We've posted a lot on the rash of successful lawsuits seeking to compel the taxpayers of various states to pony up more for the support of big-city schools: see Aug. 26, Aug. 17, Jul. 22, and many others. Now we're pleased to announce the publication of our latest featured article, entitled "Classroom Bullies: New York's Abusive School-Finance Litigation", which takes a close look at the Campaign for Fiscal Equity's lawsuit against New York state. The article's first paragraph gives a flavor:
Around the country in recent years, activist litigators have persuaded state judiciaries to step in and seize control of school finance, ordering state lawmakers to institute new spending for the purpose of equalizing spending among local districts, rectifying alleged funding inadequacies, or both. The resulting court decisions have been vastly controversial, stirring (well-justified) charges that the courts are stifling voters' control of the schools, usurping the historic appropriations role of the legislature, and sinking the states with mandated-but-ineffective spending. If the experience of New York is any indication, the decisions are subject to another, distinct critique: namely, they are obtained by way of abusive litigation.
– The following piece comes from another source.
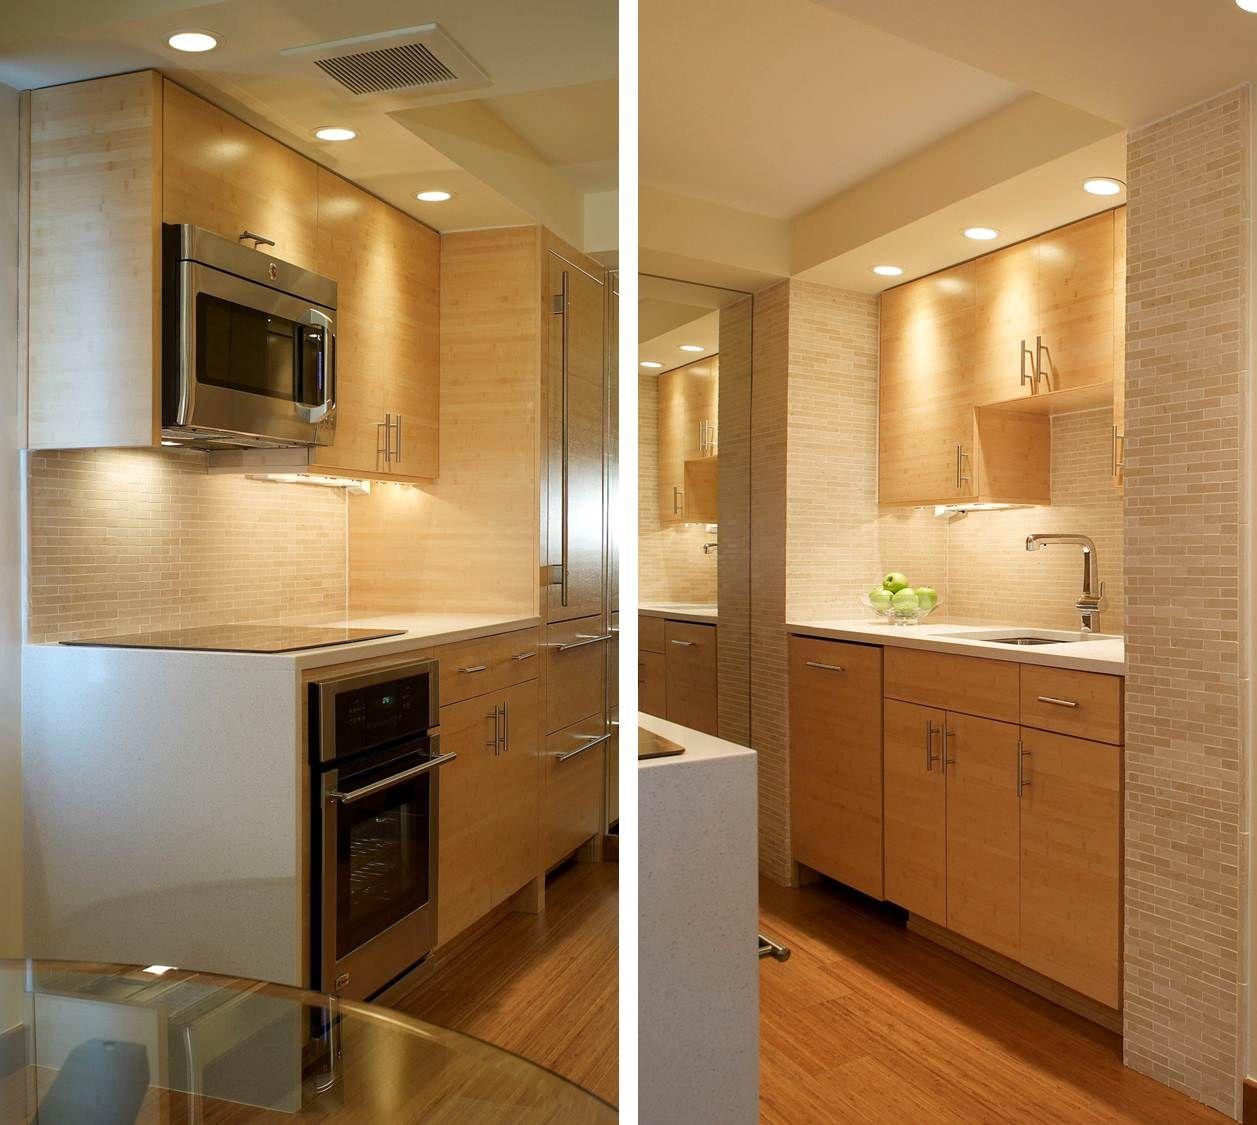 Die Besten Ideen Organisieren Sie Ihre Kleine Küche Design die Küche ...

In particular, their proponents are allowed to evade classic prerequisites of standing and adversarialness, aimed at ensuring that courts are presented with a genuine "case or controversy", with the result that litigation becomes a puppet play aimed at justifying a preordained conclusion.
The author is Thomas C. O'Brien, an attorney and author in Corning, N.Y. whose past work includes a highly recommended analysis of the multistate tobacco settlement, published in 2000 by the Cato Institute.